VAE-based latent-space classification of RNO-G data
This work addresses noise classification for the RNO-G neutrino detector, which is incremental as it applies an existing VAE method to new data from this specific domain.
The paper tackled the problem of classifying noise classes in RNO-G neutrino detector data by using a variational autoencoder's latent space, achieving automatic detection and qualitative separation of multiple event classes, including physical wind-induced signals, for both noisy and quiet stations.
The Radio Neutrino Observatory in Greenland (RNO-G) is a radio-based ultra-high energy neutrino detector located at Summit Station, Greenland.
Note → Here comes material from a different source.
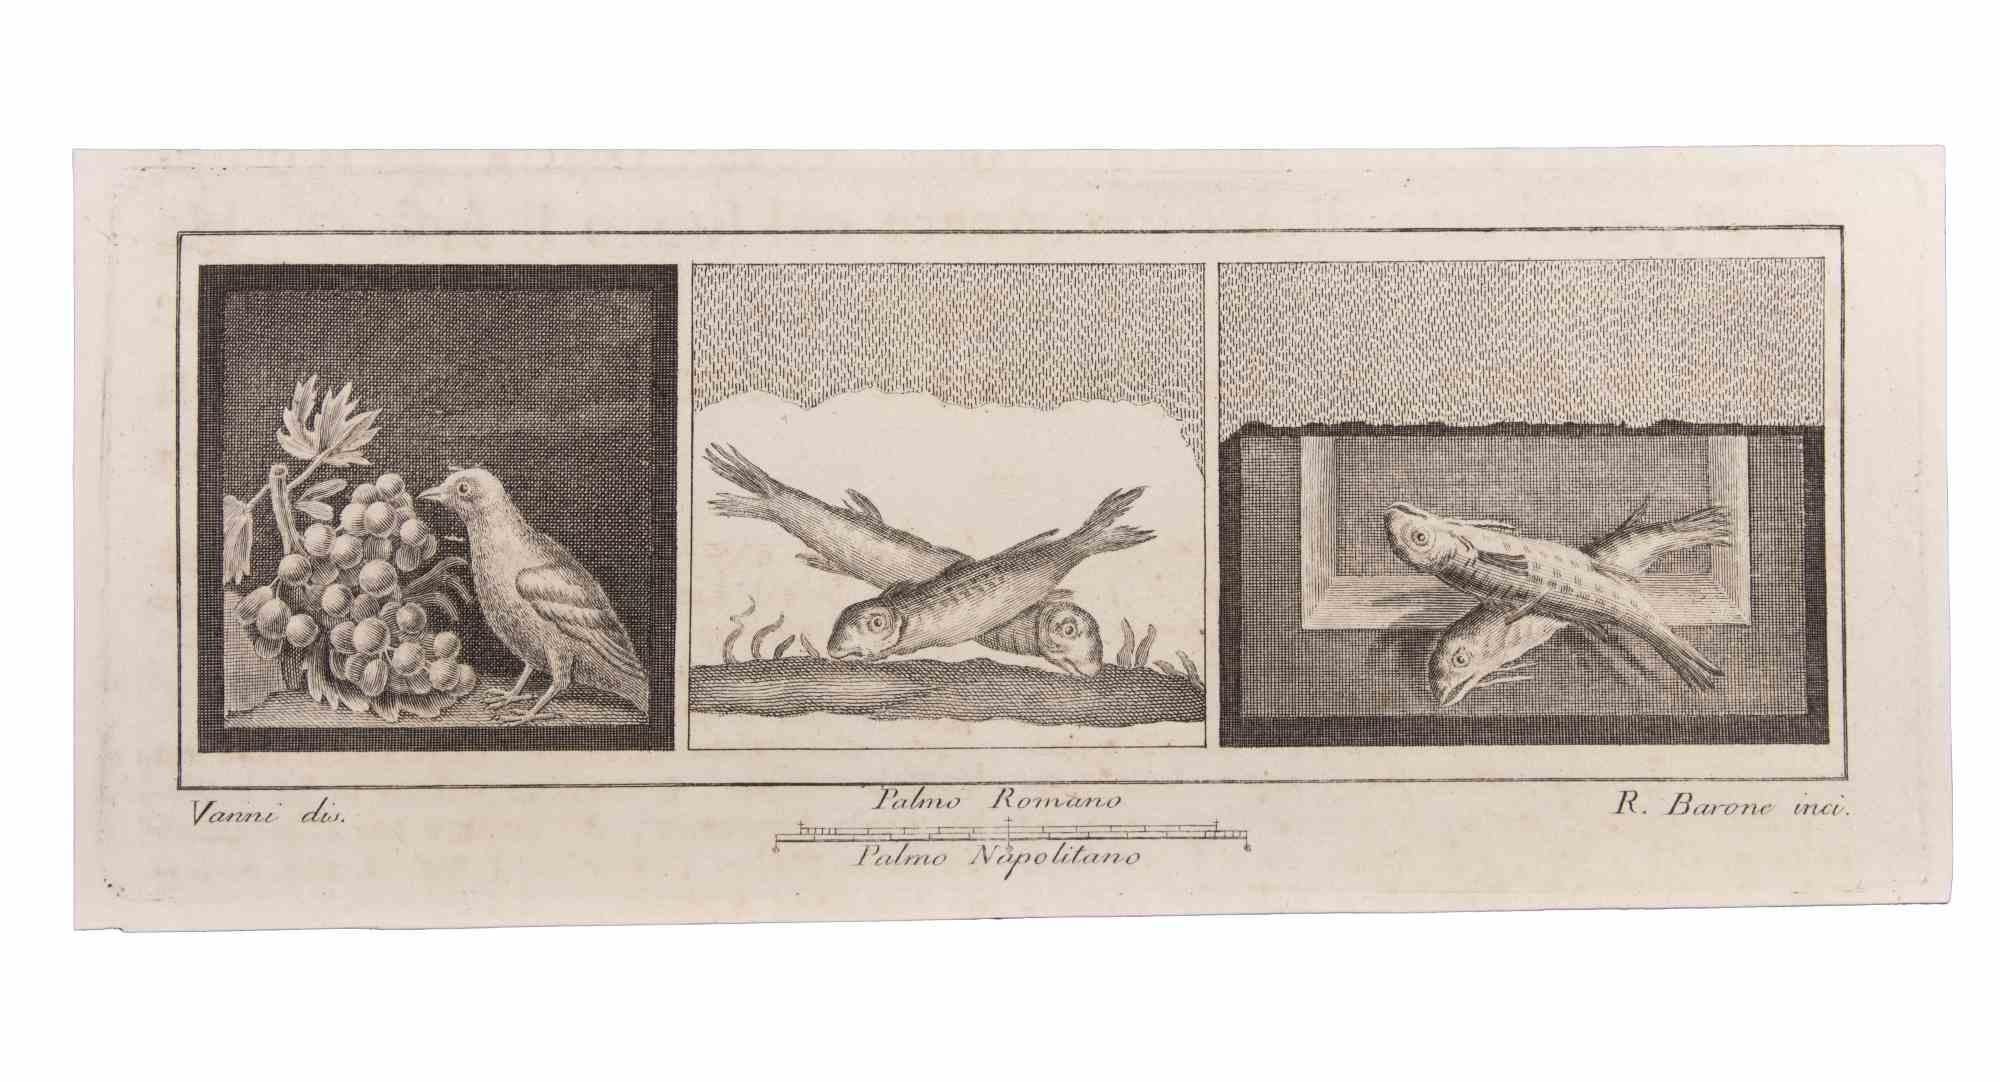 Décoration avec des animaux est une gravure réalisée par Raffaele Barone (18e siècle).

La gravure appartient à la suite d'estampes "Antiquités d'Herculanum exposées" (titre original : "Le Antichità di Ercolano Esposte"), un volume de huit gravures

It is still being constructed, with 7 stations currently operational. Neutrino detection works by measuring Askaryan radiation produced by neutrino-nucleon interactions. A neutrino candidate must be found amidst other backgrounds which are recorded at much higher rates -- including cosmic-rays and anthropogenic noise -- the origins of which are sometimes unknown. Here we describe a method to classify different noise classes using the latent space of a variational autoencoder. The latent space forms a compact representation that makes classification tractable. We analyze data from a noisy and a silent station. The method automatically detects and allows us to qualitatively separate multiple event classes, including physical wind-induced signals, for both the noisy and the quiet station.